Germany's Growth Opportunities Act and Its Impact on Transfer Pricing Regulations
Transfer pricing regulations are constantly in flux as tax authorities worldwide strive to keep their rules and regulations current. Their primary objective is to prevent non-compliant profit shifting and ensure that profits generated within their jurisdiction are appropriately taxed. Some transactions, by their nature, are inherently more challenging to assess accurately. For instance, intercompany royalty agreements have long been difficult to benchmark due to their intangible and subjective nature. Another area that demands significant attention from tax authorities is intercompany financing, as the free flow of cash can be a source of concern from a tax perspective.
Germany, among other nations, has been actively working to update its guidelines. The Growth Opportunities Act (Wachstumschancengesetz), passed by the German parliament in March 2024, aims to bolster Germany’s economy and enhance its business attractiveness. This act includes proposed changes to Germany’s transfer pricing guidelines on intragroup financing to align them more closely with OECD (Organization for Economic Co-operation and Development) standards. The draft guidelines, proposed by the German Finance Minister, seek to provide clarity for taxpayers and businesses looking to establish a presence in Germany while also aiming to reduce the risk of non-deductible interest on intercompany loans.

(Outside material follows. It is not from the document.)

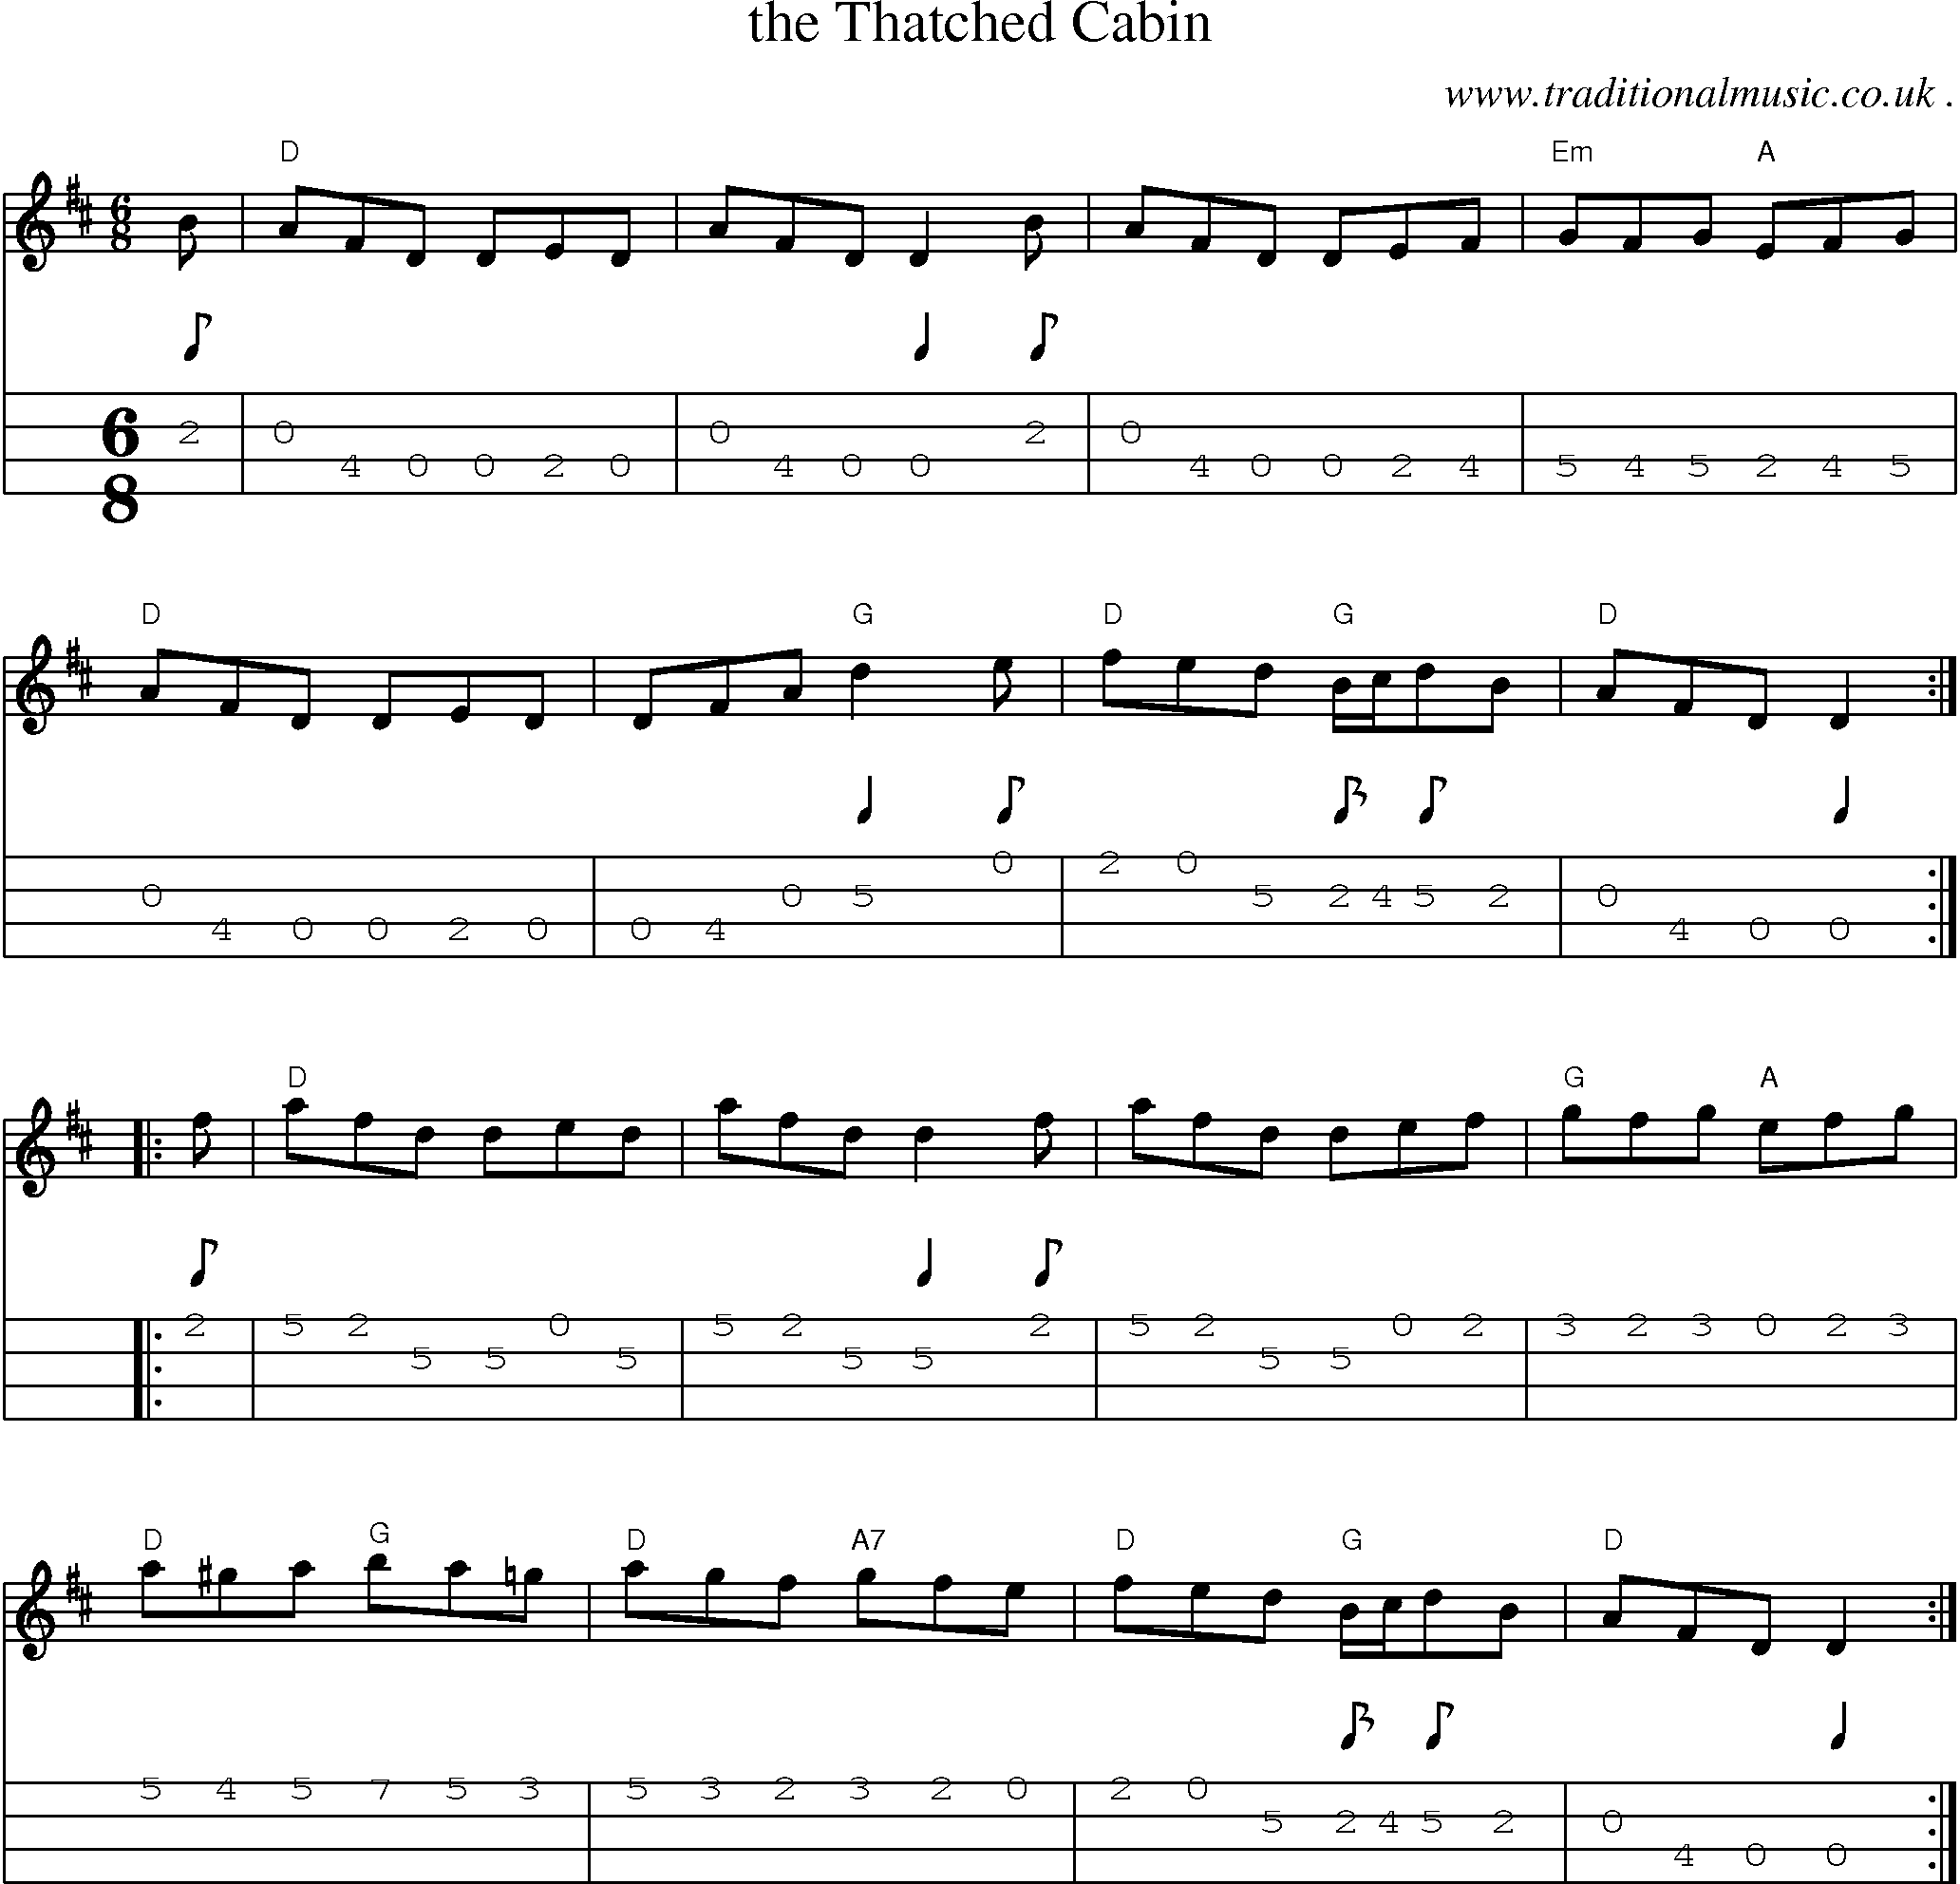 Sheet-music  score, Chords and Mandolin Tabs for The Thatched Cabin

The draft guidelines come with specific requirements. Companies must demonstrate their ability to service the loan for its entire duration, establish an economic basis for the financing, and ensure it will be used for business purposes. Notably, refinancing within a company group is viewed as an arm’s length transaction, not requiring immediate proof of full repayment capacity. Borrowing for profit distribution is generally considered compatible with a company’s objectives, and short-term placement of excess funds or “capital buffers” in intra-group cash pools can be deemed reasonable under certain circumstances, such as when accumulating funds for acquisitions. Even high-risk financing scenarios, common in sectors like startups, are not automatically considered unfair or unreasonable.
The draft applies to financing agreements made after January 1, 2024, with rules for pre-existing agreements taking effect from 2025 if they extend beyond December 31, 2024. In cases of non-compliance, the draft clarifies that interest expenses are non-deductible only to the extent they exceed the arm’s length portion rather than being entirely non-deductible.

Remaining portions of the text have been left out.